• EXERCISE PROMPT:
Leave the images out and repeat the data exactly as given.

• DATASET SECTION:
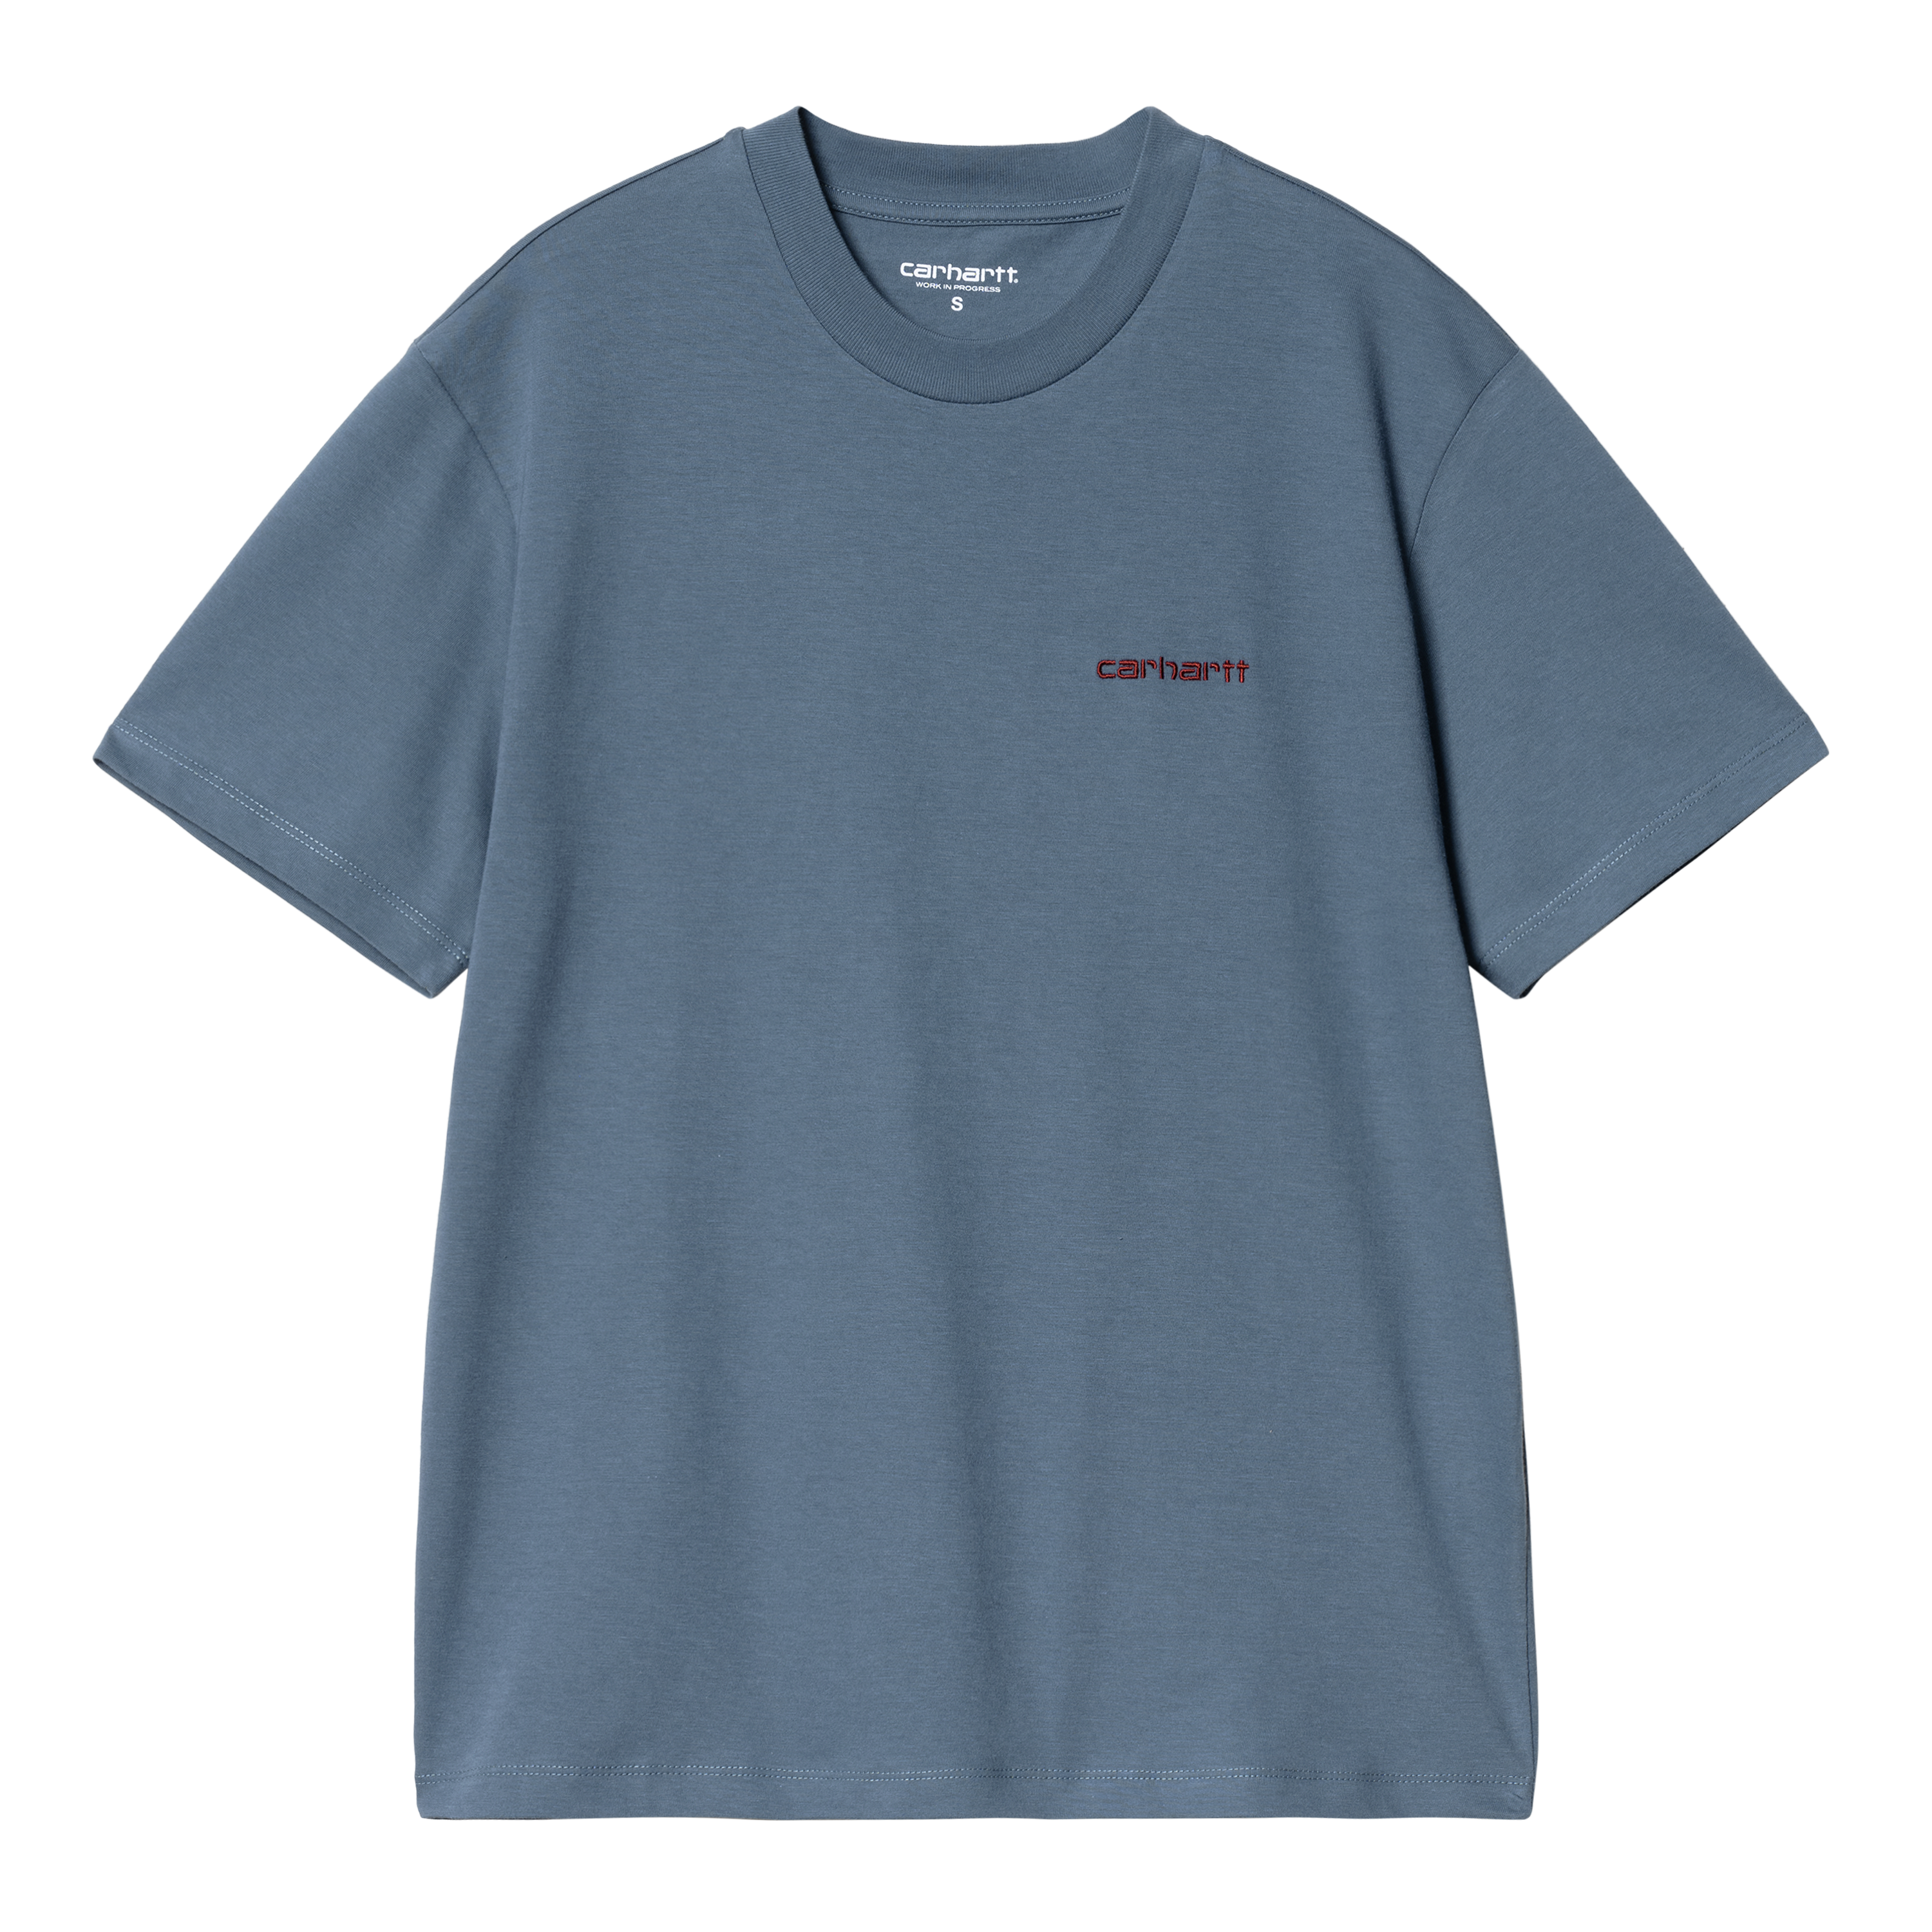 Carhartt WIP Women’s Short Sleeve Script Embroidery T-Shirt Bleu
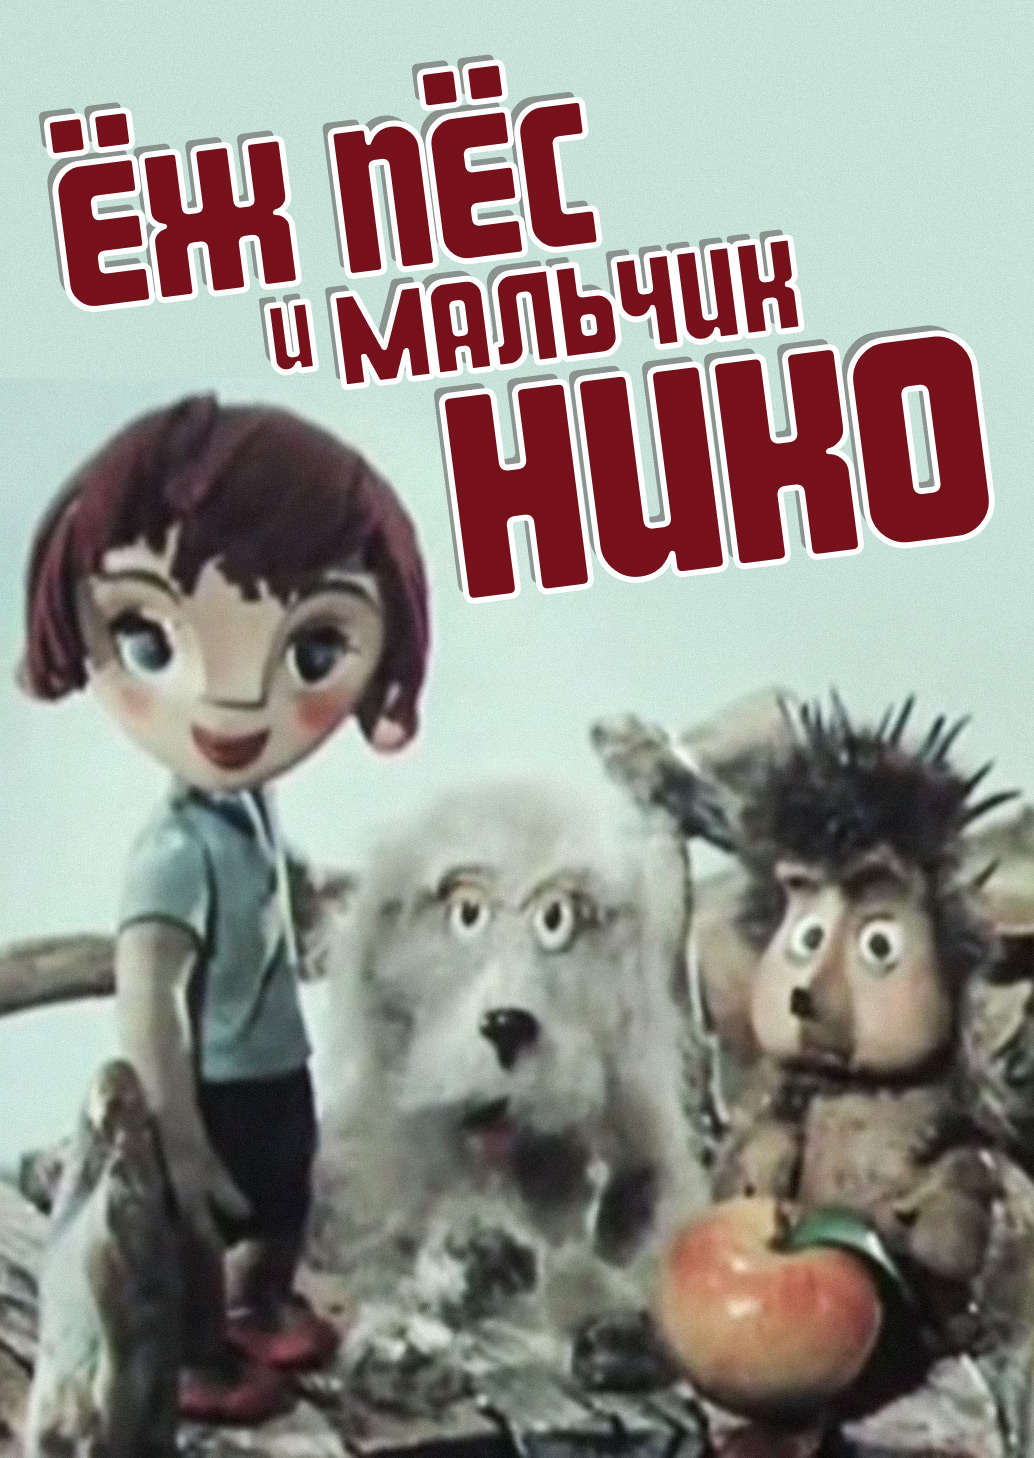 Ёж, пёс и мальчик Нико мультфильм (1984)
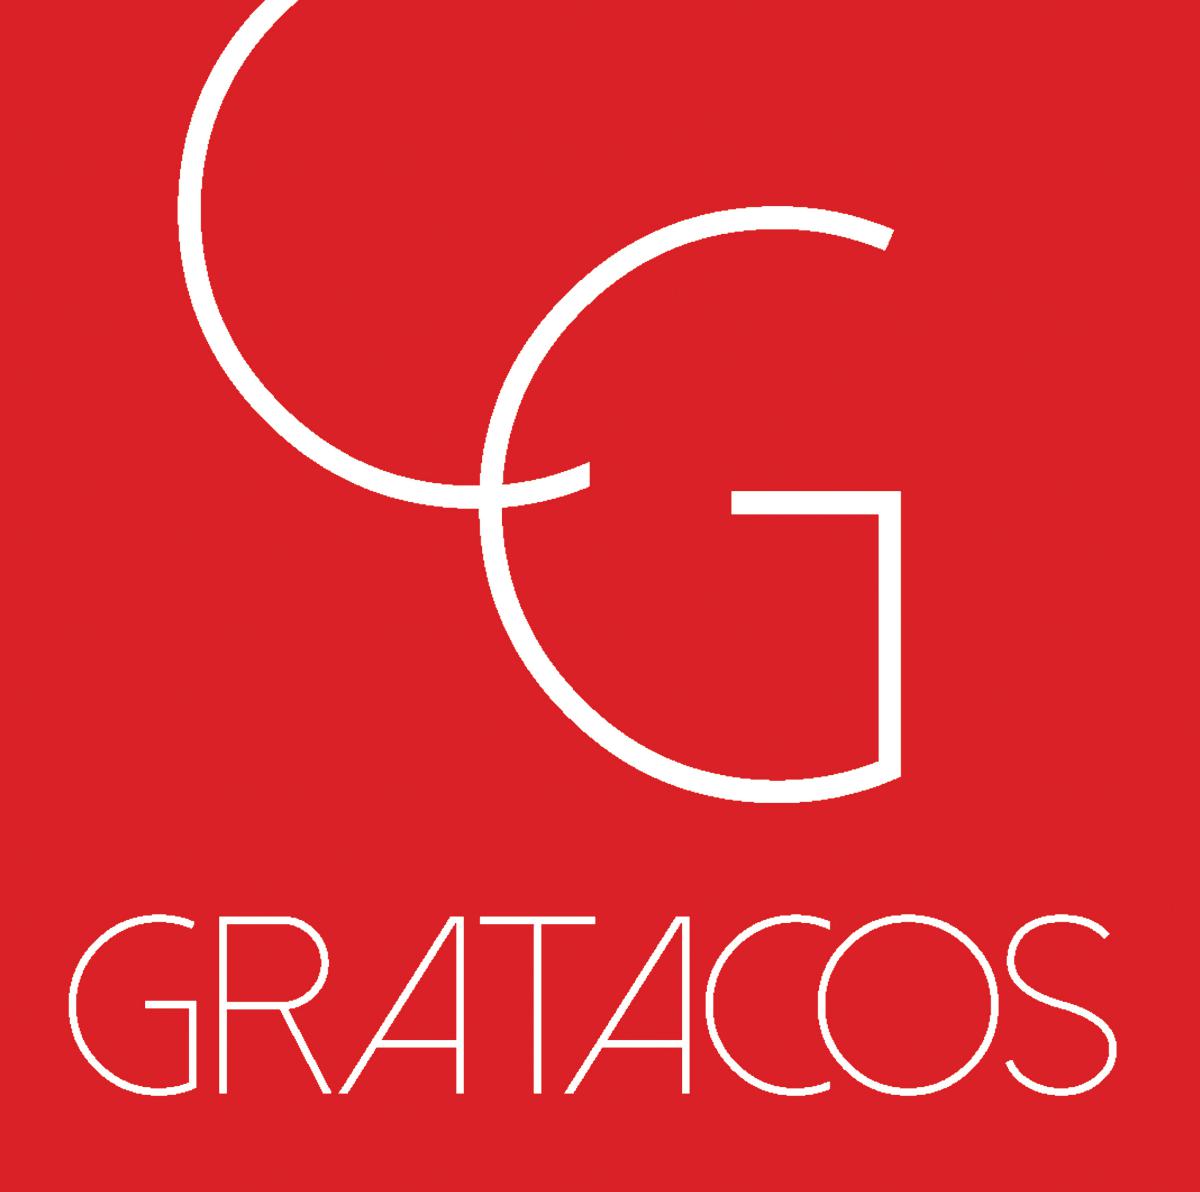 Logo Cuisines Gratacos
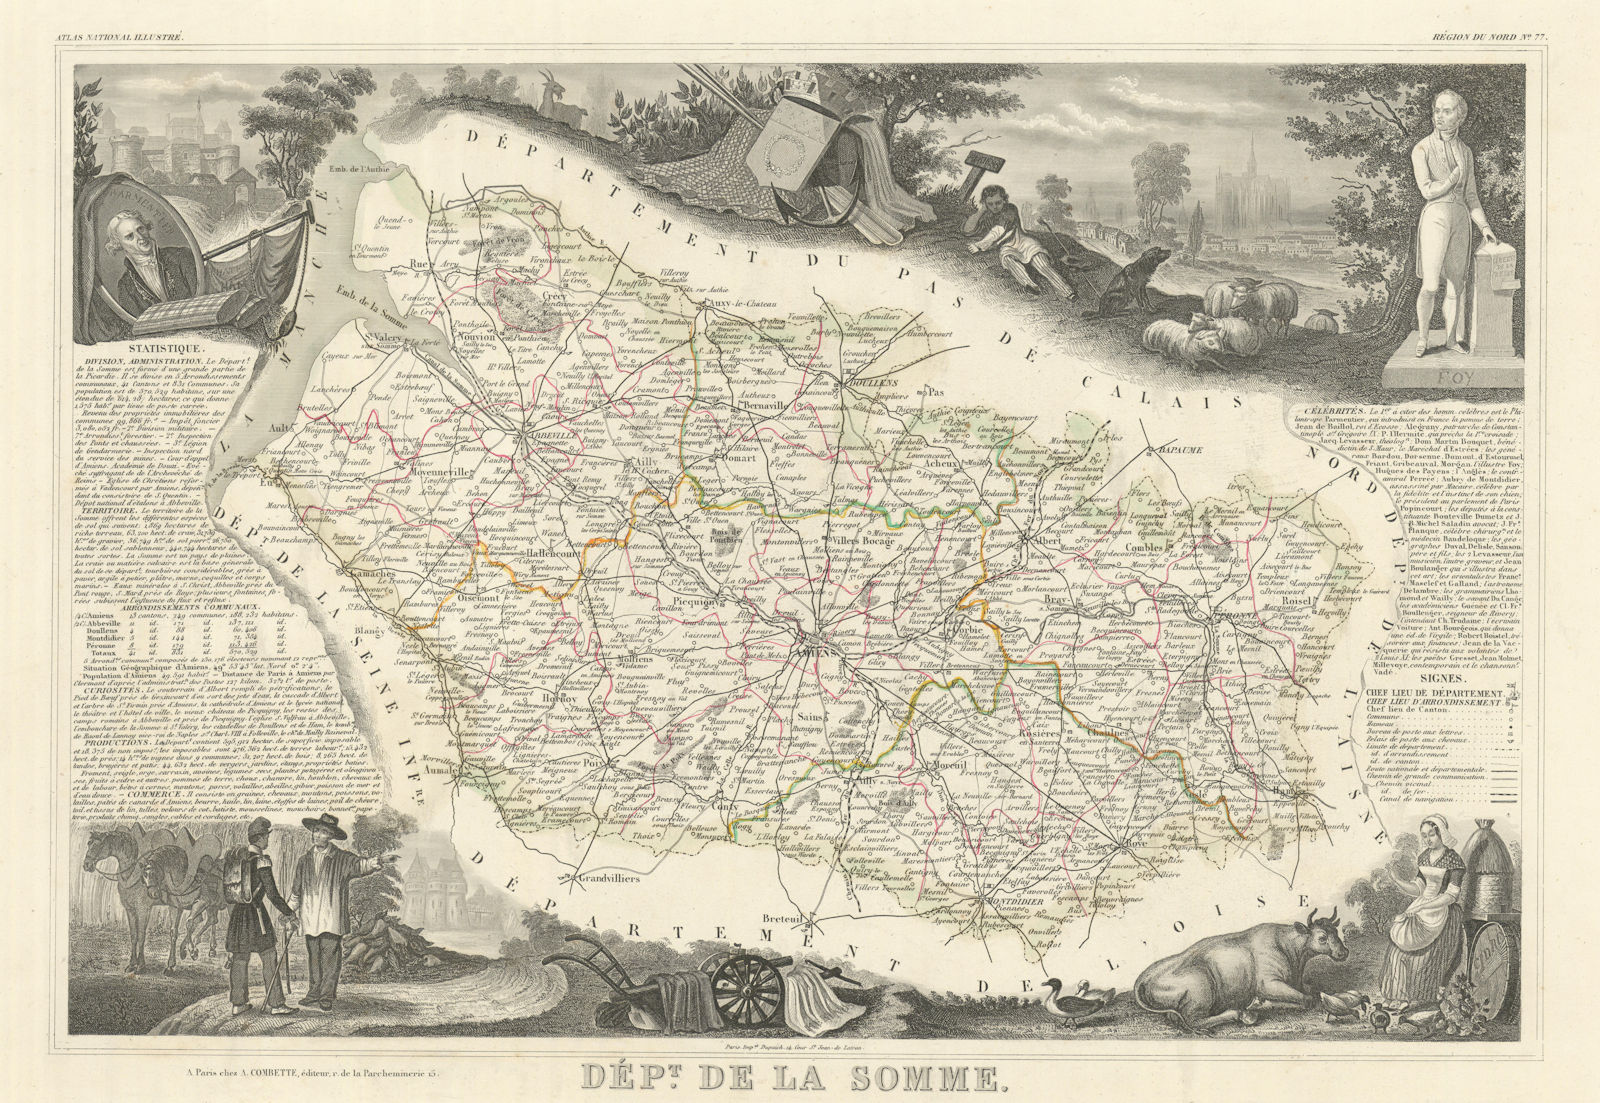 Département de la SOMME. Decorative antique map/carte by Victor LEVASSEUR 1856

• FINISHED TASK:
 Carhartt WIP Women’s Short Sleeve Script Embroidery T-Shirt Bleu
 Ёж, пёс и мальчик Нико мультфильм (1984)
 Logo Cuisines Gratacos
 Département de la SOMME. Decorative antique map/carte by Victor LEVASSEUR 1856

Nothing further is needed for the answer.